PCollection<TableRow> myRows = pipeline.apply(BigQueryIO.Read
            .fromQuery(query)
            .usingStandardSql()
            .withoutResultFlattening()
            .named("Input " + tableId)
    );

The query is quite complex what results in error message: 查询非常复杂,导致产生错误消息:

Query exceeded resource limits for tier 1. Tier 8 or higher required., error: Query exceeded resource limits for tier 1. Tier 8 or higher required. 查询超出了对第1层的资源限制。,错误:查询超出了对第1层的资源限制。

I'd like to set maximumBillingTier as it is done in Web UI or in bq script. 我想设置maximumBillingTier因为它是在Web UI或bq脚本中完成的。 I can't find any way to do so except for setting default for the entire project which is unfortunately not an option. 除了为整个项目设置默认值之外,我找不到任何其他方法,不幸的是这不是一个选择。
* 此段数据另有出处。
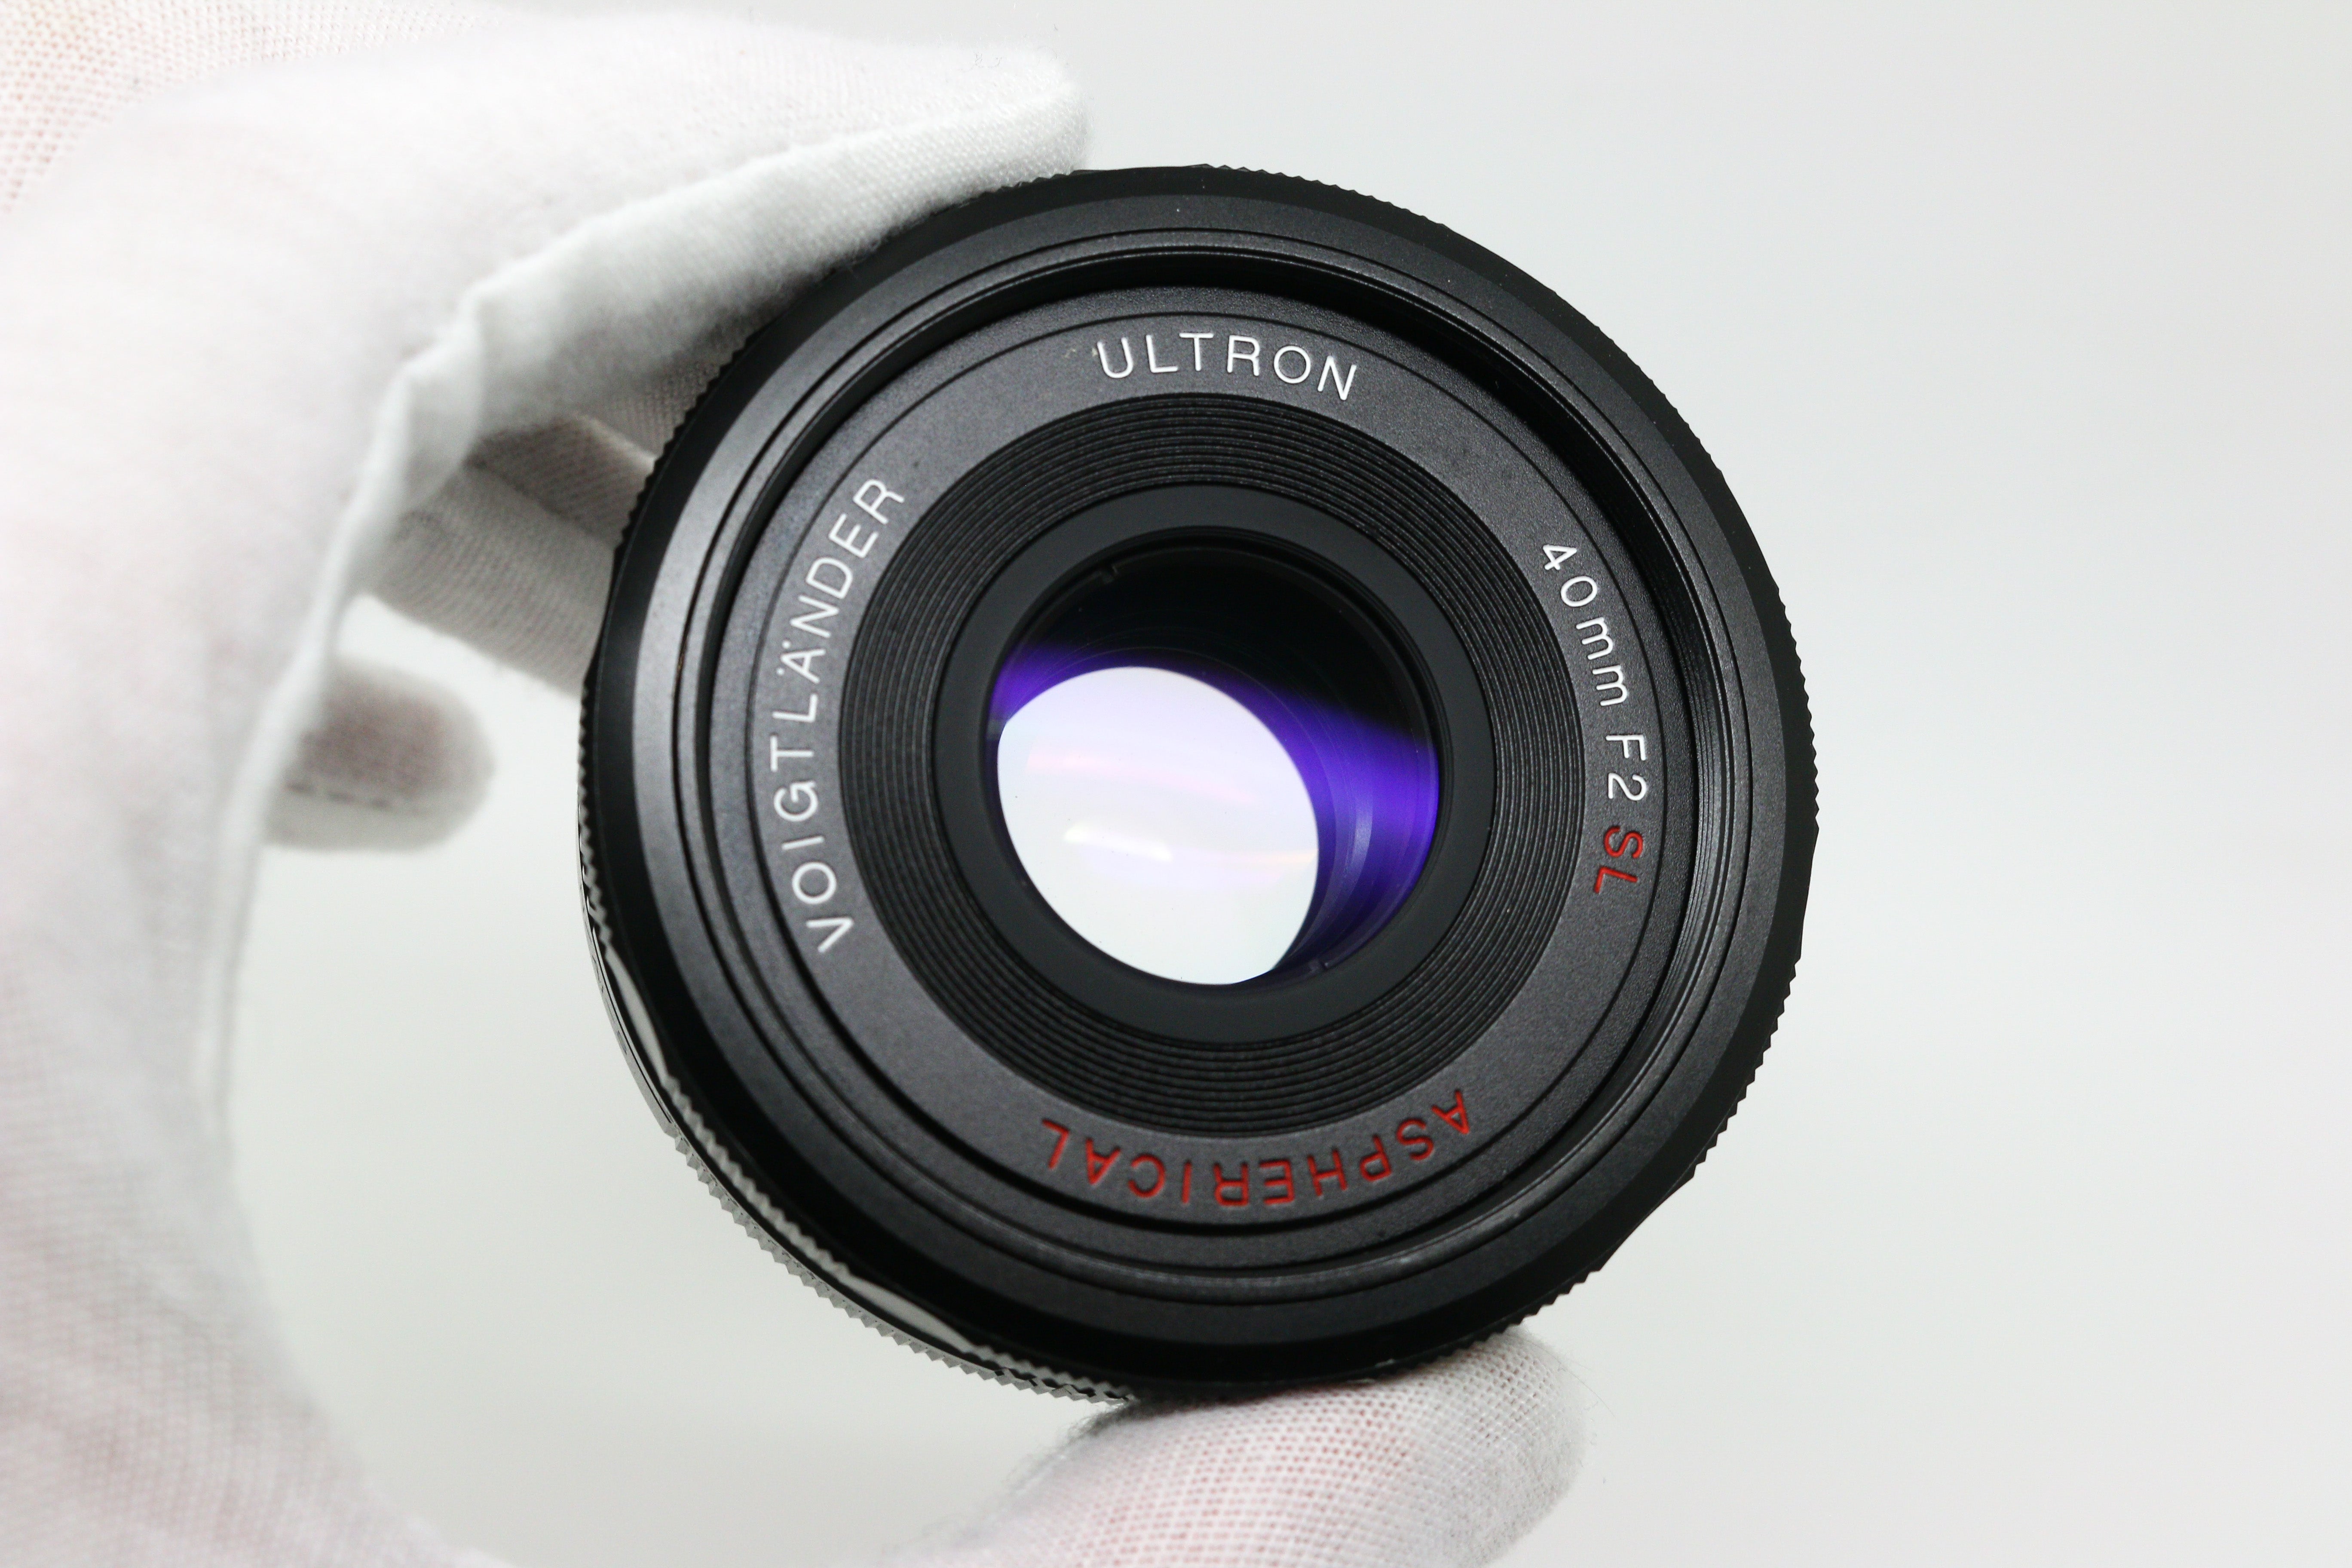 Voigtländer 40mm f/2 SL-II N Aspherical Lens (Nikon F-Mount)

I tried to set it through these without success: 我试图通过这些设置,但没有成功:

  • DataflowPipelineOptions - neither this nor any interface it extends seems to have that setting DataflowPipelineOptions-此接口或其扩展的接口都没有该设置
  • BigQueryIO.Read.Bound - I would expect it to be there just next to usingStandardSql and others similar but obviously it is not there BigQueryIO.Read.Bound-我希望它就在usingStandardSql和其他类似的代码旁边,但显然它不存在
  • JobConfigurationQuery - this class has all cool settings but it seems it is not used at all when setting up a pipeline JobConfigurationQuery-此类具有所有不错的设置,但似乎在设置管道时根本不使用它

Is there any way to pass this setting from within Dataflow job? 有什么方法可以从Dataflow作业中传递此设置吗?

Maybe a Googler will correct me, but it looks like you are right. 也许Google员工会纠正我,但看来您是对的。 I can't see this parameter exposed either. 我也看不到此参数。 I checked both the Dataflow and the Beam APIs. 我检查了数据流Beam API。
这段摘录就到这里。